SFT + RL connection to model/hypothesis search is insightful. Brute force / scalable search is where Sutton's Bitter Lesson also points to. Once your search domain is small compared to your search budget, that makes a lot of sense.

If I get your meaning right, SFT creates the right inductive bias so that the RL search + reward guidance does the trick.

For novel discovery, the question might then be whether the inductive bias builds a strong enough prison so no new discovery is possible by RL or if the search can escape the boundaries set by SFT given enough randomization and the right reward function.

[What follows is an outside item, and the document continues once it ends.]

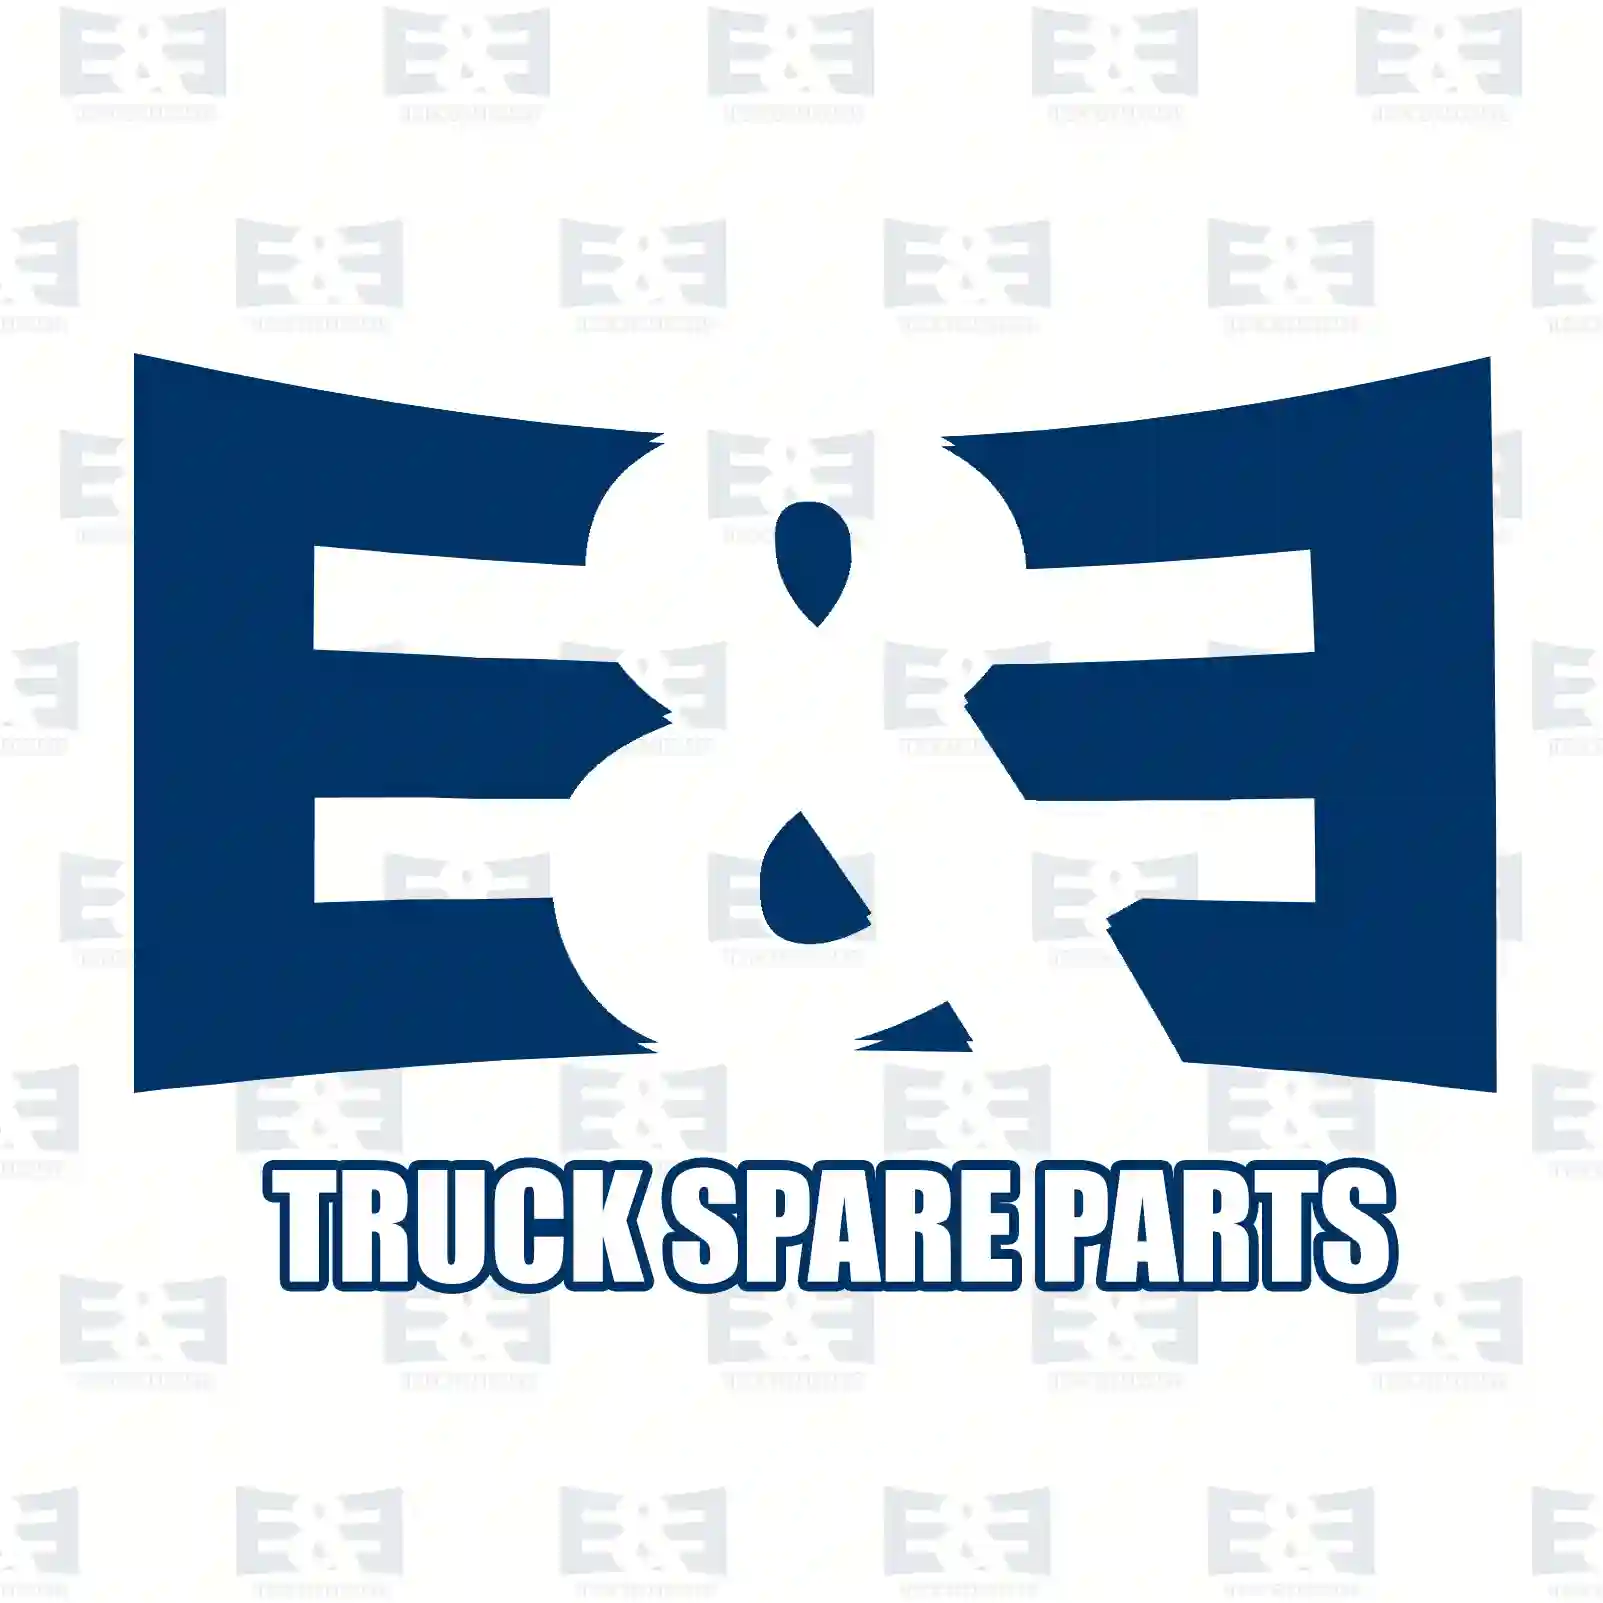 Repair kit, clutch servo, 2E2288301, 1336159, 550455, 550465 ||  2E2288301 E&E Truck Spare Parts | Truck Spare Parts, Auotomotive Spare Parts Repair kit, clutch servo, 2E2288301, 1336159, 550455, 550465 ||  2E2288301 E&E Truck Spare Parts | Truck Spare Parts, Auotomotive Spare Parts
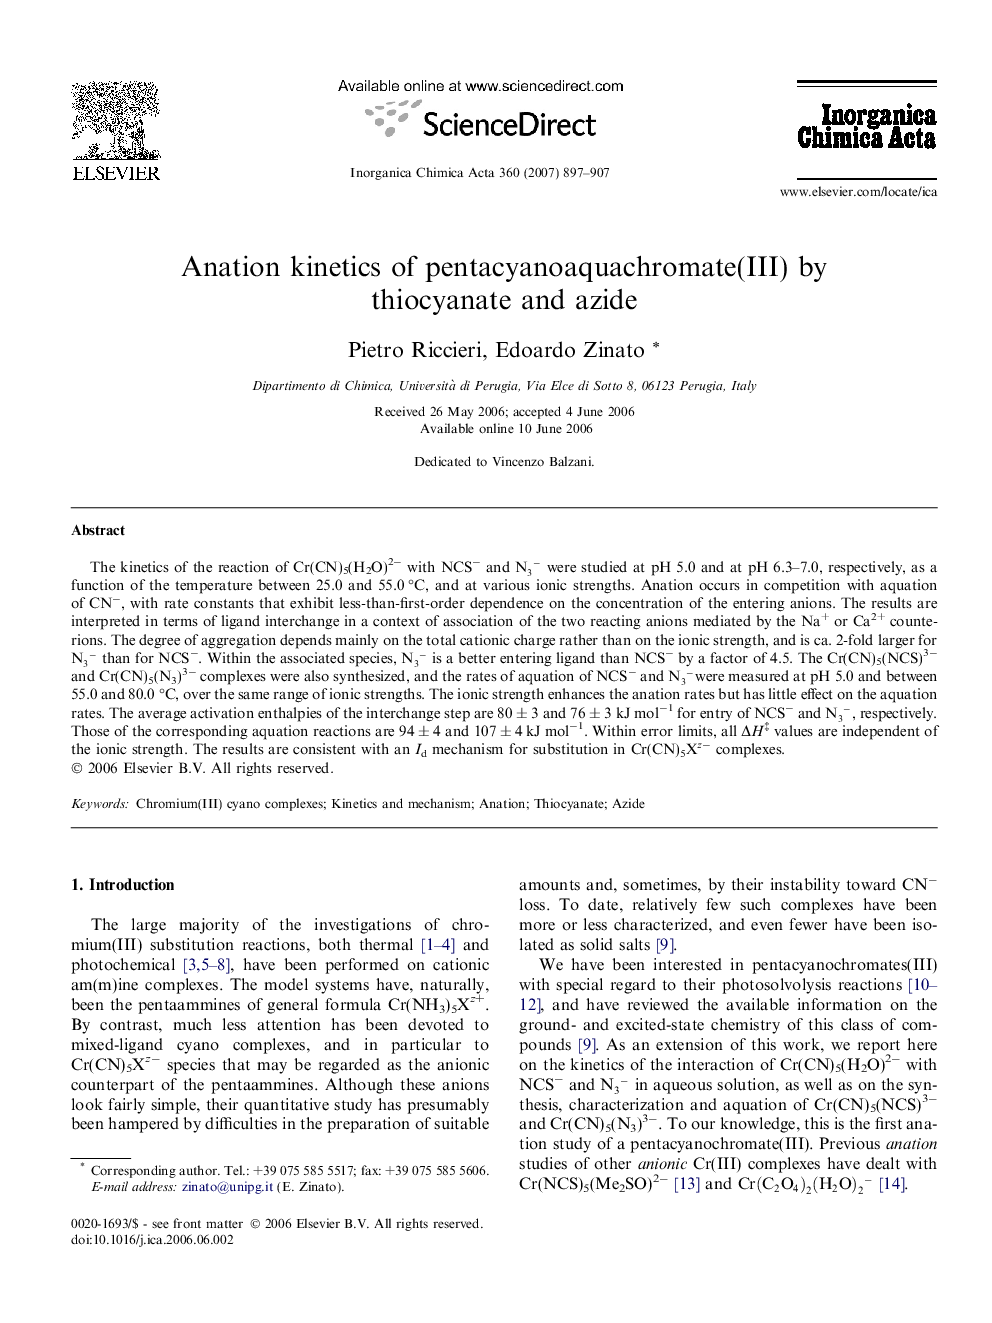 Anation kinetics of pentacyanoaquachromate(III) by thiocyanate and azide

I know that RL is usually not performed at inference time, but in-context learning mechanisms might be developed by RL to discover at test time. Edit: I would love to hear if that actually happens or not, like new induction heads (https://transformer-circuits.pub/2022/in-context-learning-an...) forming during RL. I really have no idea.

the role of evolution is always a confounding factor as well and all the various analogies to how it maps onto AI research are always not quite satisfactory.